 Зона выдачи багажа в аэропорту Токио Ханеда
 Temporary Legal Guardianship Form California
..............................
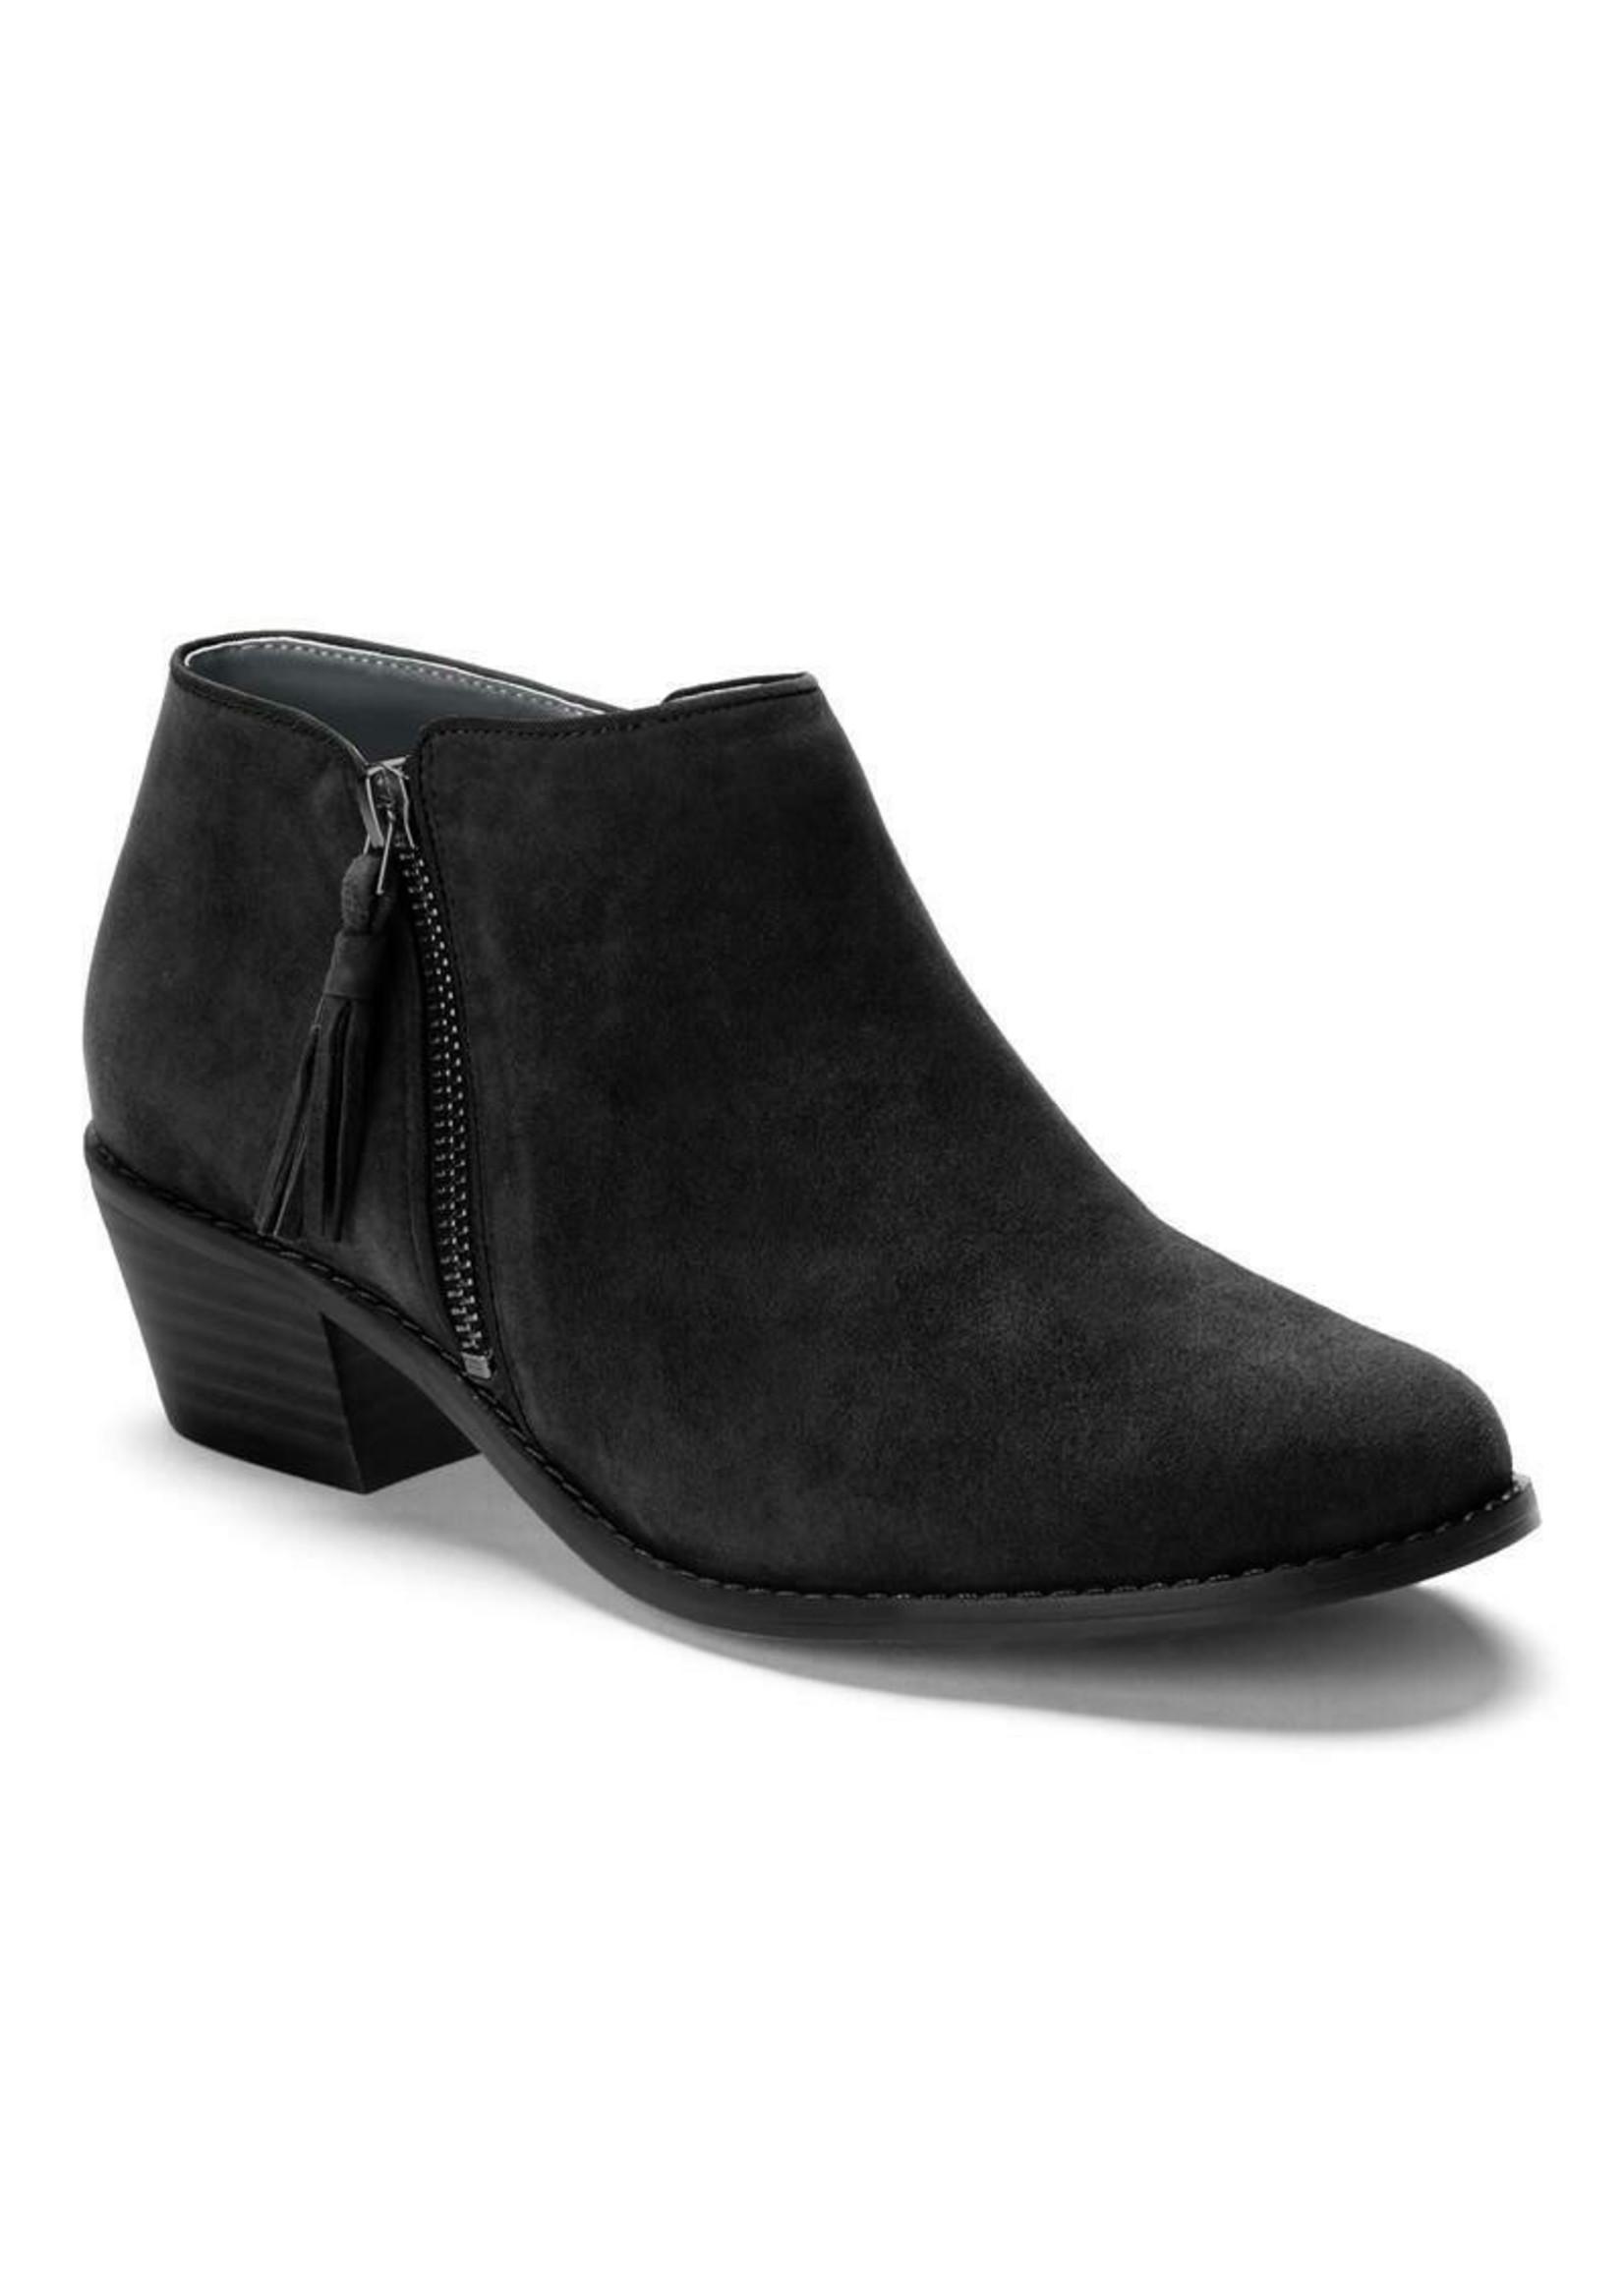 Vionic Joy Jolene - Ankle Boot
..............................
→ WHAT TO PRODUCE: Among the lines above, repeat exactly those from the line with "Зона выдачи багажа в аэропорту Токио Ханеда" to the line with "Temporary Legal Guardianship Form California", counting both ends.

→ SOLUTION TO THIS EXERCISE:
 Зона выдачи багажа в аэропорту Токио Ханеда
 Temporary Legal Guardianship Form California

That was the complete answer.